Methods in yacc to get line no

What are the different ways of getting line no's in yacc. I know about yylineno but it can be off by 1 when yacc reads lookahead token.

I had this same problem with using yytext in yacc. It didn't give the expected token. I used yylval.str in lex to get that done. Is there anything similar to that to get exact line no.

Are there better options in Bison which can make handling easier and accurate

Solution

The role of a scanner is to produce a sequence of lexical tokens, each of which has a type, a semantic value, and possibly a location. The parser receives this stream of tokens, and processes them into a structural representation of the input.

It should be clear that in the parser, "the last semantic value scanned" is of little or no value, particularly since the parser usually needs to ask the scanner to look ahead at least one token in order to decide how to proceed. But more generally, a parser action will be combining information about a series of tokens (and a series of already reduced productions), so there is no "one value" which makes sense in the action.

Similarly, every token has a location in the input, and if the parser needs to associate locations with syntax features, it needs to be able to refer to the location of any given token.

Bison facilitates this process by allowing the scanner to fill in a location object as well as a semantic value (yylval). The location object is called yylloc and, unlike the semantic value, it is normally the same type for every token. If your Bison source uses locations, it will create a location object stack which is synchronized with the semantic value stack. In a rule, the semantic value of a token (or non-terminal) can be referred to as $1, $2, etc.; similarly, the location of the token/non-terminal will be @1, @2, ...

You don't need to tell Bison to collect location information. It will happen automatically if you simply use some location reference (@n) in any parser action.

In fact, you don't need to do much in your parser to make use of location information, since the defaults are often sufficient. Unless you #define the preprocessor macro YYLTYPE, a location object type called YYLTYPE will be declared as follows:

typedef struct YYLTYPE {
  int first_line;
  int first_column;
  int last_line;
  int last_column;
} YYLTYPE;

The declaration will be placed into the generated header file so that it can be used by the scanner as well. The YYLTYPE structure reflects the fact that a token -- and, more importantly, a non-terminal -- spans a range of locations in the source file.

The location structure for a non-terminal will be also be filled in automatically by the generated parser, although you are free to modify it by assigning to @$ inside a parser action. The default is to take the first_line and first_column fields from @1 and the last_line and last_column fields from @n, where n is the number of symbols in the right-hand side. In other words, when you reduce a production, the resulting location will span all of the source text representing the tokens of the production.

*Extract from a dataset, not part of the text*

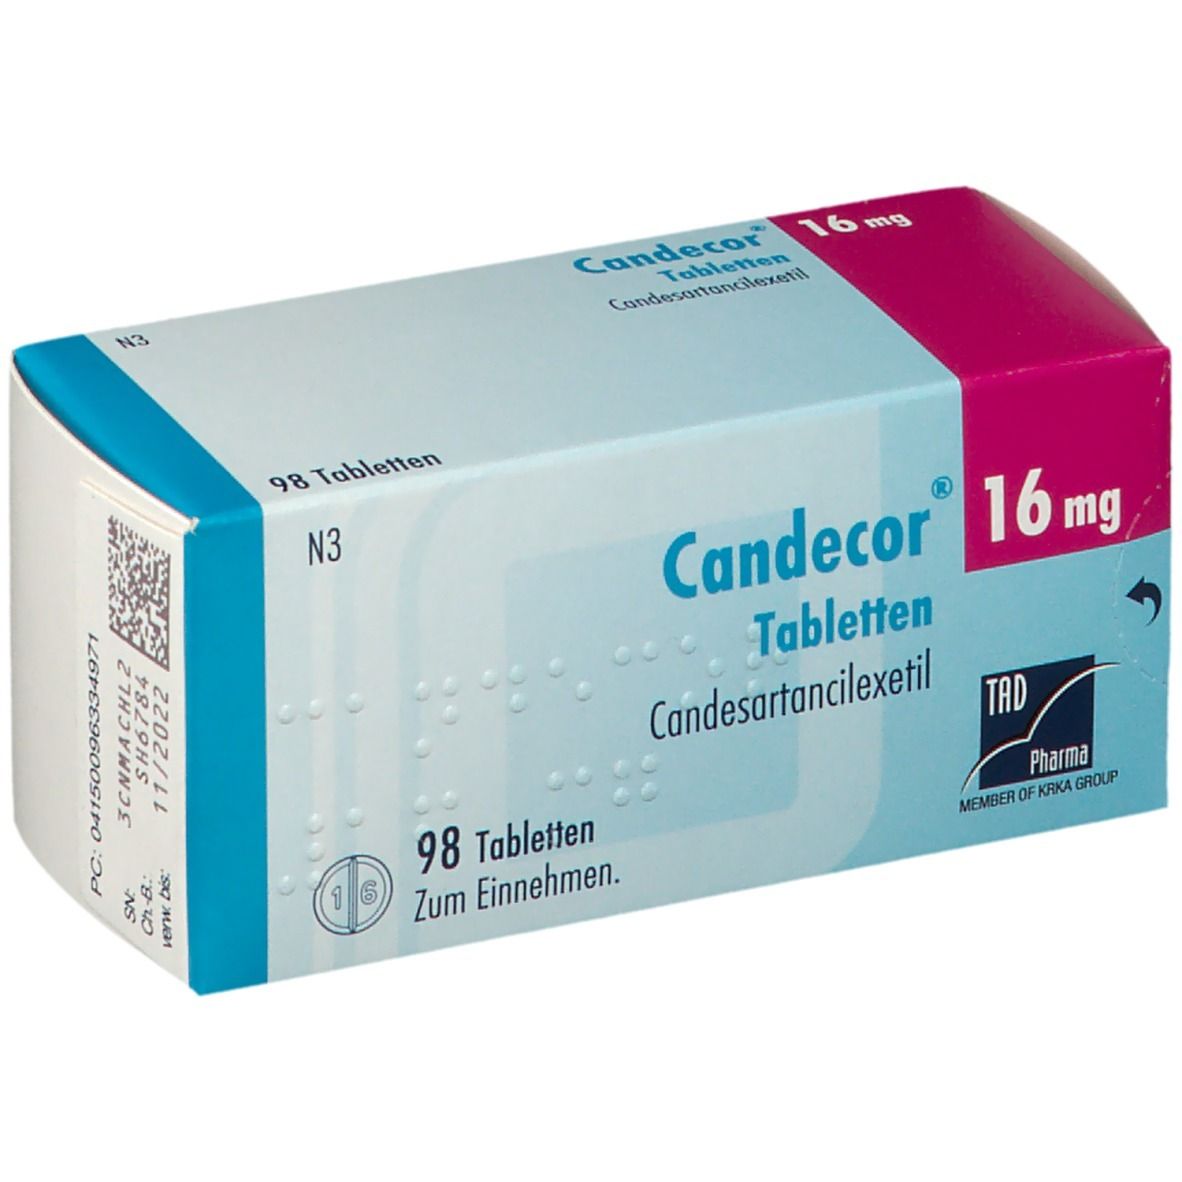 Candecor® 16 mg

Although yylloc contains both line and column information, you are not required to use the column data. It is most convenient to just leave those fields set to 0, in case you want to use them in some later version of your parser; you could reduce the overhead of the location stack by redefining YYLTYPE, but then you would need to override the default location action as well because it refers to those named fields.

Filling in the yylloc object is entirely the responsibility of your scanner, and flex does not, unfortunately, help you much. Flex will maintain yylineno if you ask it to (%option yylineno) but it won't populate yylloc, so you need to do that yourself. Fortunately, flex does let you define the YY_USER_ACTION macro. This macro is inserted at the beginning of every flex action, and it can be used to copy location information into yylloc.

As a simple example, if none of your tokens span more than one line (or you don't care about the starting line of tokens which do span more than one line), you could simply put this in the prologue of your flex definition:

#define YY_USER_ACTION yylloc.first_line = yylloc.last_line = yylineno;

and enable yylineno tracking with

%option yylineno

Once you've done that, and with no other changes to your flex or bison definitions, you'll be able to write actions such as:

assignment: IDENTIFIER '=' expression {
               printf("%s is defined at line %d\n", $1, @1.first_line);
            }

Note that since the above rule refers to the location of the IDENTIFIER token, it does not matter how many lines the expression uses up. You could make use of the default setting of @$ to be more precise:

assignment: IDENTIFIER '=' expression {
               printf("%s is defined in lines %d to %d\n",
                      $1, @$.first_line, @$.last_line);
            }